_DATA EXTRACT_
====

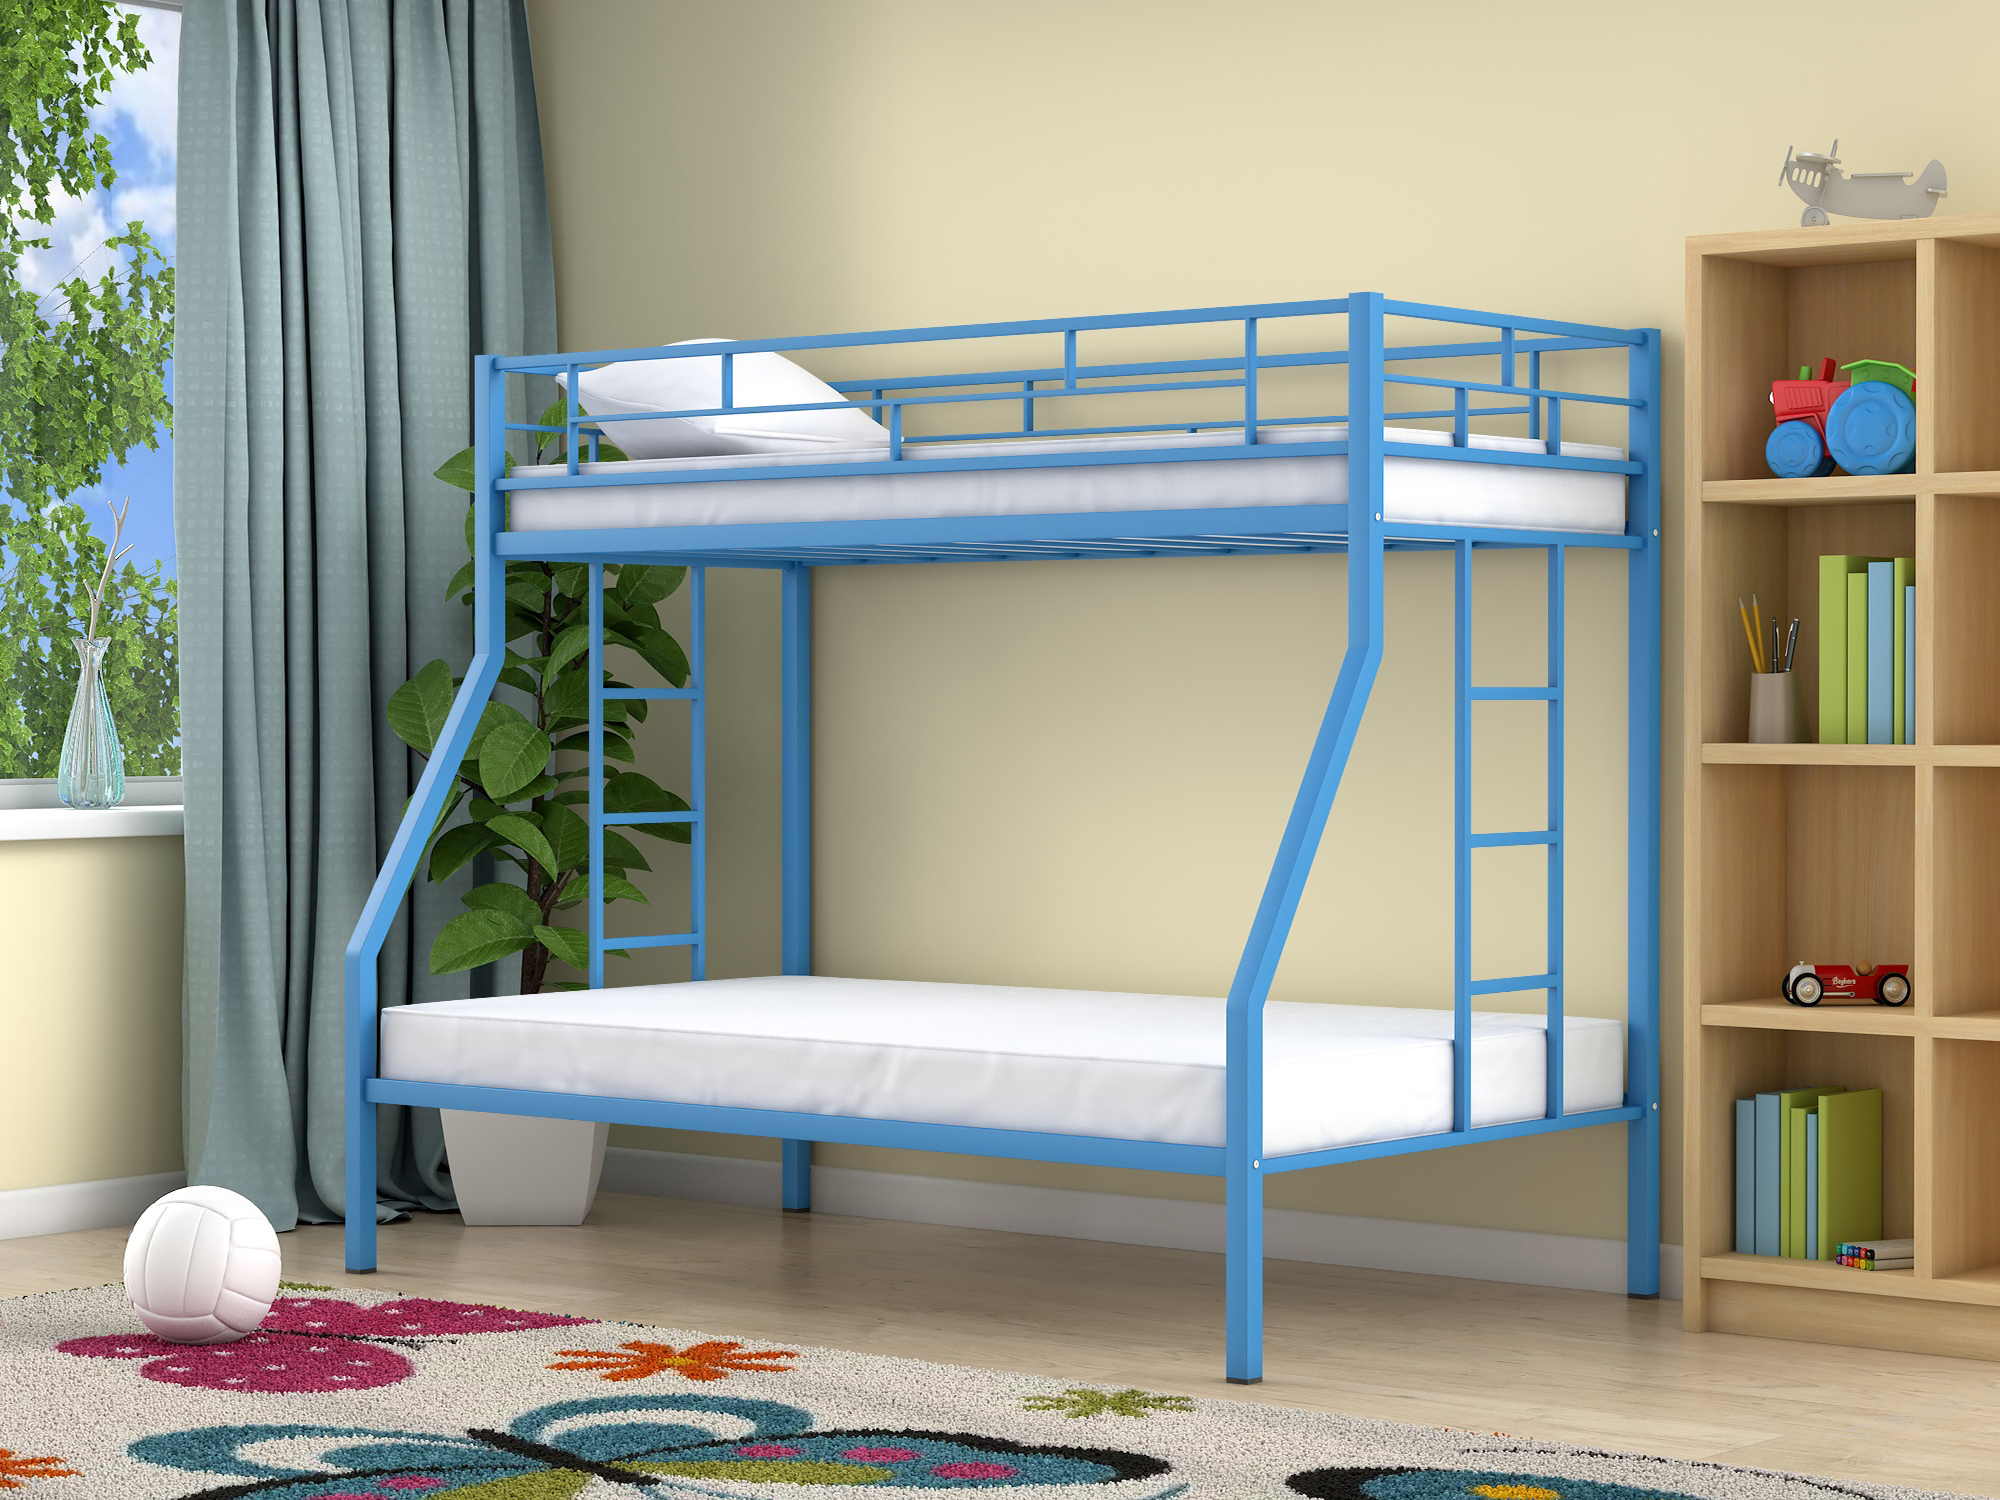 Двухъярусная кровать Милан (90х190/120х190) , Голубой, Металл двухъярусная кровать милан 90х190 120х190 голубой оранжевый лдсп металл
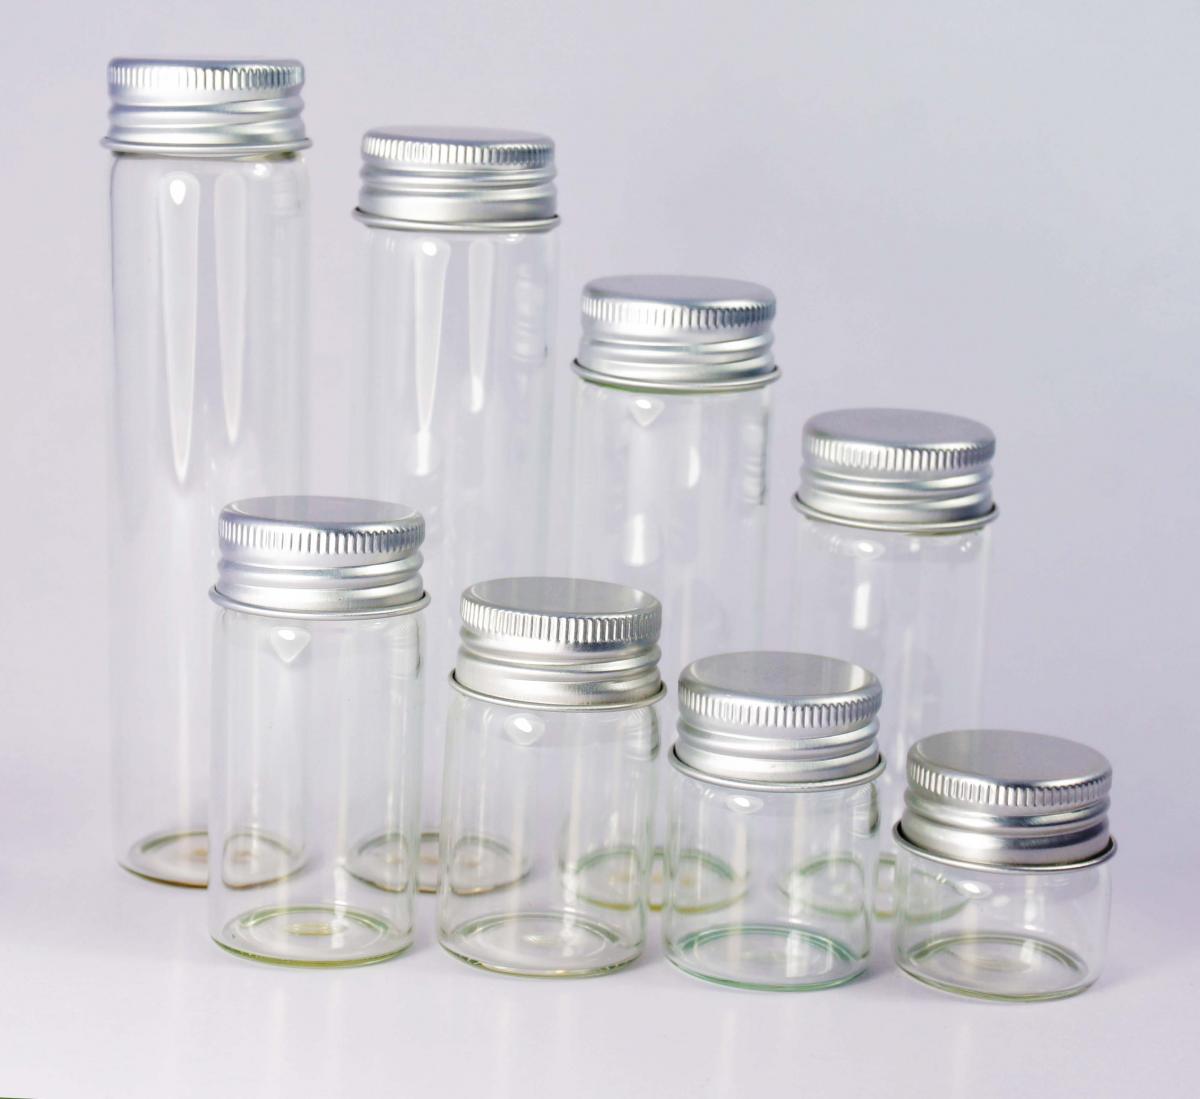 批发订制30MM直径铝盖玻璃瓶 工艺饰品包装瓶
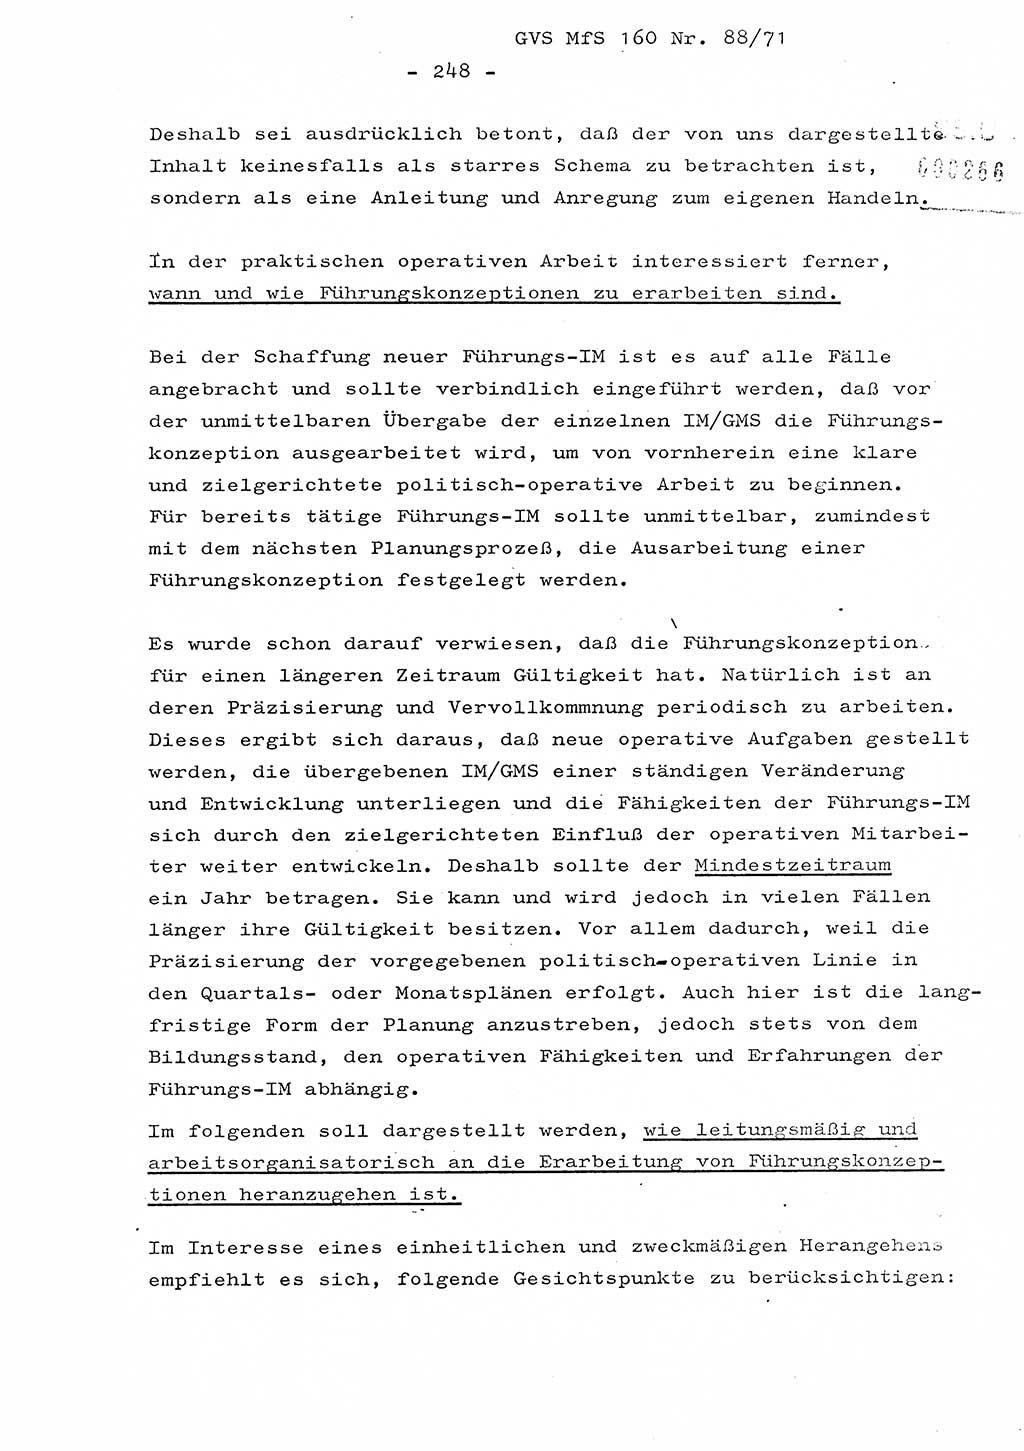 Dissertation Oberstleutnant Josef Schwarz (BV Schwerin), Major Fritz Amm (JHS), Hauptmann Peter Gräßler (JHS), Ministerium für Staatssicherheit (MfS) [Deutsche Demokratische Republik (DDR)], Juristische Hochschule (JHS), Geheime Verschlußsache (GVS) 160-88/71, Potsdam 1972, Seite 248 (Diss. MfS DDR JHS GVS 160-88/71 1972, S. 248)
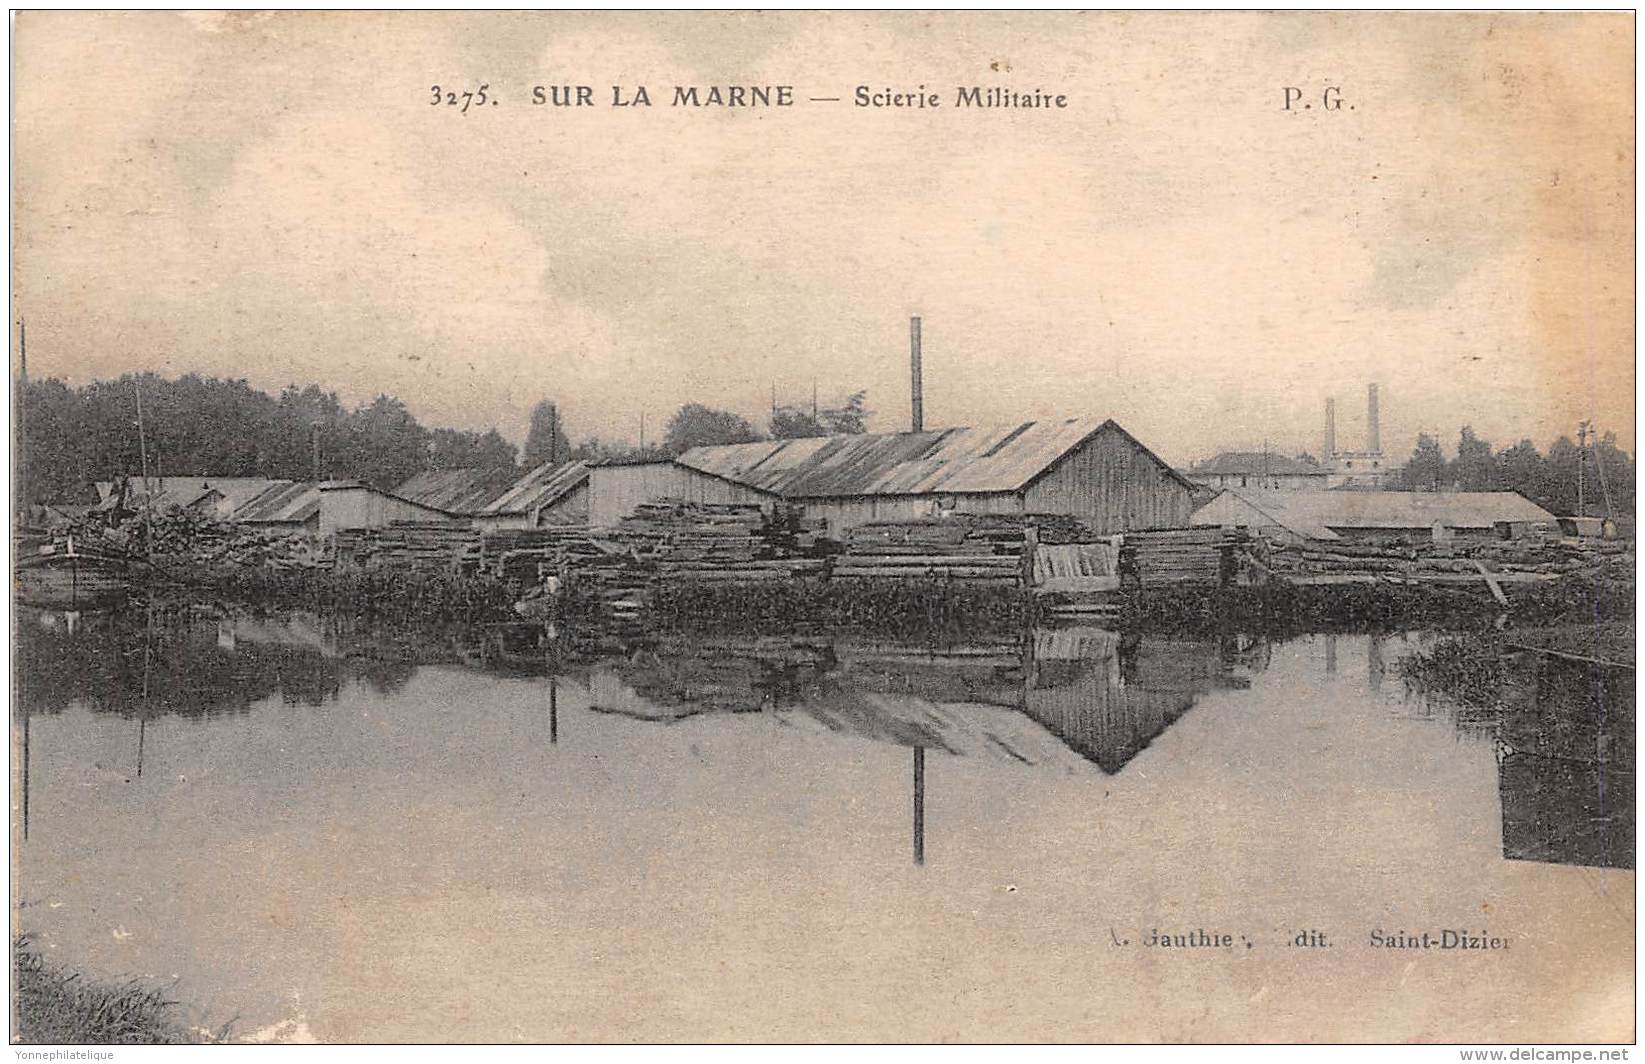 THEME BOIS EXPLOITATION / Sur La Marne - Scierie Militaire - Champagne - Ardenne

====

_REQUIRED ACTION_
Nothing but the lines from the beginning of the material through the line with "批发订制30MM直径铝盖玻璃瓶 工艺饰品包装瓶" should appear, printed exactly, with no pictures among them.

_RESPONSE BOX_
 Двухъярусная кровать Милан (90х190/120х190) , Голубой, Металл двухъярусная кровать милан 90х190 120х190 голубой оранжевый лдсп металл
 批发订制30MM直径铝盖玻璃瓶 工艺饰品包装瓶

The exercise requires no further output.